A confidence interval of proportions has the bounds given by the rule presented as follows:

\pi \pm z\sqrt{\frac{\pi(1-\pi)}{n}}

The margin of error is given by:

M = z\sqrt{\frac{\pi(1-\pi)}{n}}

The variables are listed as follows:

  • \pi is the sample proportion, which is also the estimate of the parameter.
  • z is the critical value.
  • n is the sample size.

The confidence level is of 90%, hence the critical value z is the value of Z that has a p-value of \frac{1+0.90}{2} = 0.95, so the critical value is z = 1.645.
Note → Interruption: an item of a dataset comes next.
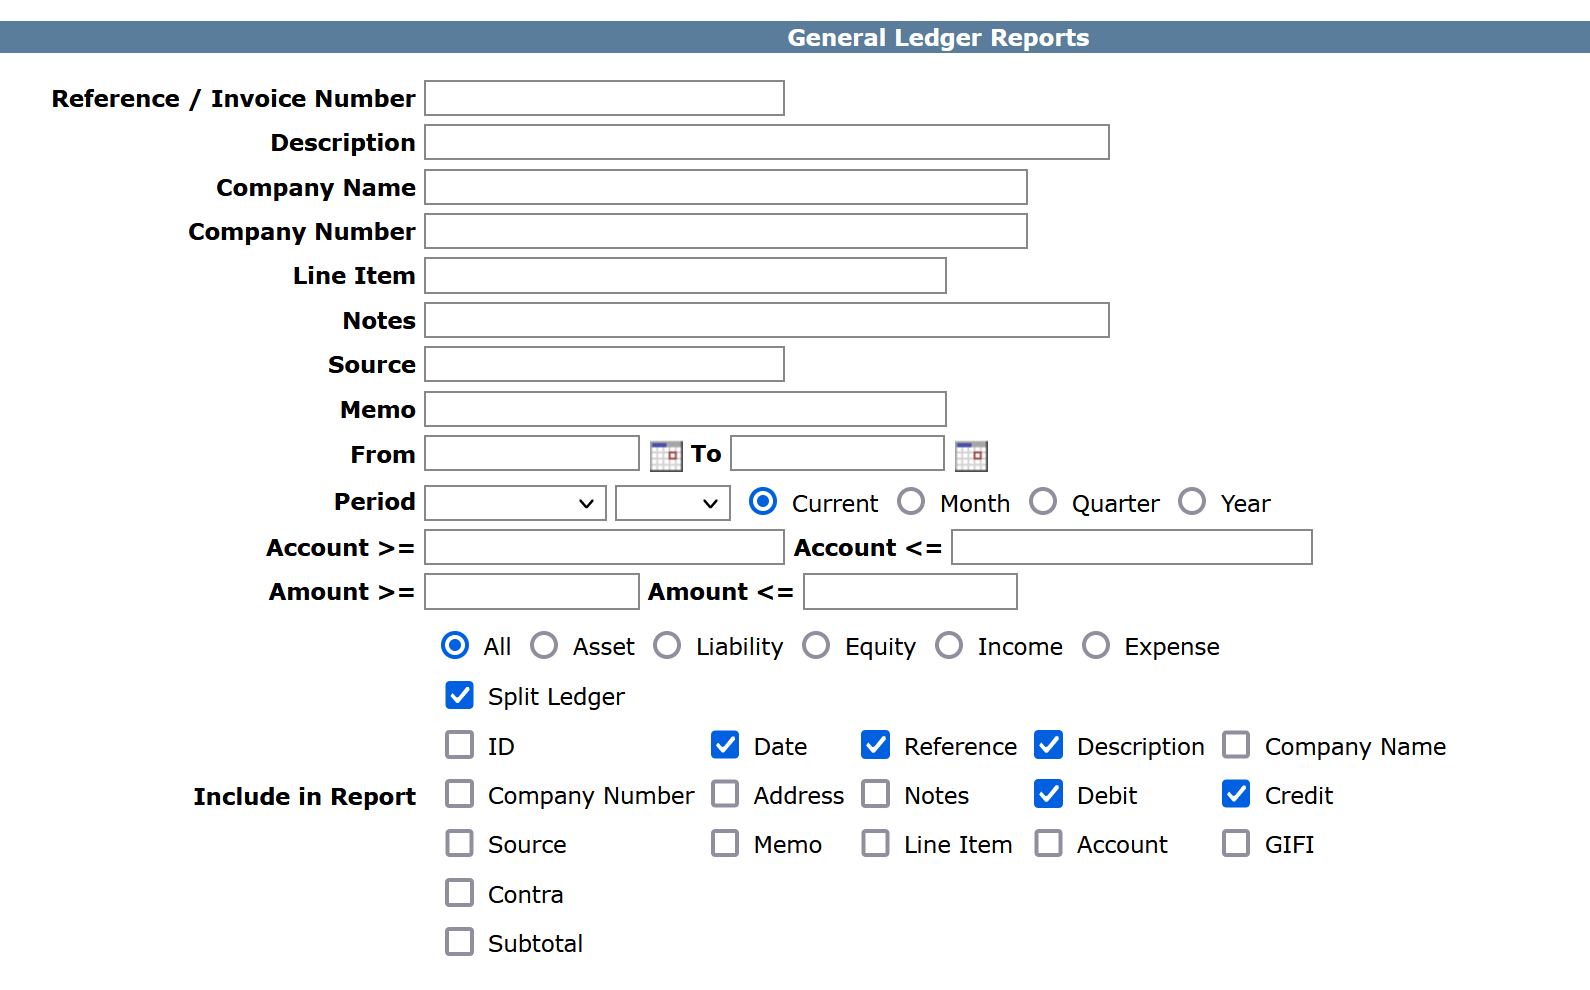 SQL-Ledger General Ledger Reports

The sample size and the estimate are given as follows:

n = 150, \pi = \frac{15}{150} = 0.1

The margin of error is of:

M = z\sqrt{\frac{0.1(0.9)}{150}} = 0.0245 = 2.45\%

The interval is given by the estimate plus/minus the margin of error, hence:

  • The lower bound is: 10 - 2.45 = 7.55%.
  • The upper bound is: 10 + 2.45 = 12.45%.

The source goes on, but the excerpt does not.